2026-03-27-daily-llm-routing-and-loop-prevention

Today's Changes in Brief

A few small patches to the Agent service today, centered on two goals: cost reduction and preventing infinite loops.

1. LLM Routing Refactor (cli.ts)

Removed DeepSeek and Ark-related code, added two paths:

Local Qwen (LM Studio): For simple logic tasks, hits localhost:1234
GLM-5 (OpenAI-compatible endpoint): For complex logic, defaults to OPENAI_BASE_URL

Straightforward move—if it runs locally, don't burn expensive API calls. But the question is: can the local model handle complex tasks? Currently there's a fallback strategy: glm-5 as default, qwen as optional speedup layer.

2. Evaluation Enhancement (evaluate/handler.ts)

Added loopable field: if score >=55, allow loop retry; below 55, disallow.

This threshold feels arbitrary. Where did 55 come from? What's the basis? Nobody explains.
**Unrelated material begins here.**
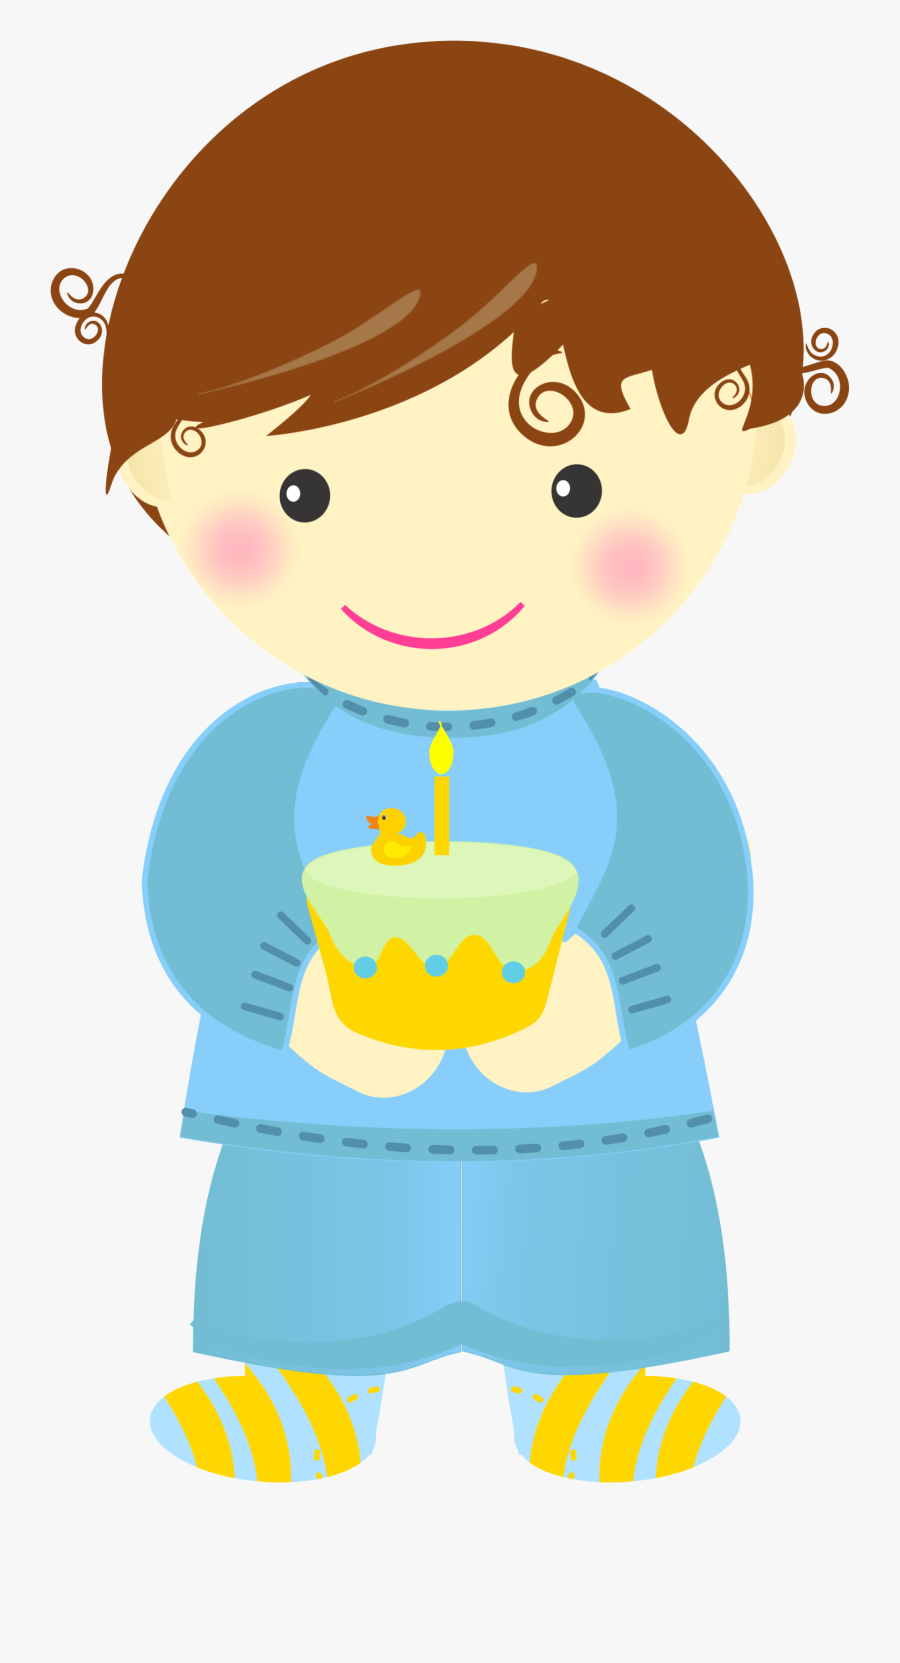 Baby"s First Birthday Clip Art - Happy Birthday Baby Clipart, Transparent Clipart

3. Executor Smart Skip (executor/handler.ts)

Added checkRepoHasTests(): if repo has no test files, skip testCommand.

Seems reasonable, but there's a risk: what if someone deliberately leaves out test files to bypass validation? Currently it's just "skip", not "error"—manageable but not rigorous enough.

4. Reflect Loop Detection (reflect/handler.ts)

Improved suggestImprovements(): count repeated errors in actionResults, if >2 times return "stop loop, manual intervention needed".

Most valuable change today. Previous version only gave suggestions; now it actually breaks the loop, preventing Agent from falling into the same hole repeatedly.

5. Triage Optimization (triage/handler.ts)

Fallback path: if LLM call fails and category is "testing", skip instead of proceed_to_plan.

Reflection: Over-Optimization or Reasonable Convergence?

This round of changes is overall "defensive"—not feature-driven, but patching and cost-saving.

But a few questions worth asking:

55-point threshold: Who set it? Why not 50 or 60? A threshold without A/B testing is just guesswork.
Local Qwen: In real production, how stable is the local model? What about power failure, OOM, model loading failures?
Test-skip logic: Could there be false positives? A repo with tests but non-standard path gets skipped?

中文摘要

今日变更聚焦成本控制与死循环防护：

LLM 路由：移除 DeepSeek/Ark，新增本地 Qwen + GLM-5
评估器：新增 loopable 字段（>=55 分允许重试）
执行器：新增 checkRepoHasTests() 跳过无测试仓库的 testCommand
反思模块：增加重复错误检测，2 次以上直接打断循环
分诊模块：fallback 时跳过 "testing" 类别

整体方向偏防守——止血省钱。但部分阈值（如 55 分）缺乏充分依据。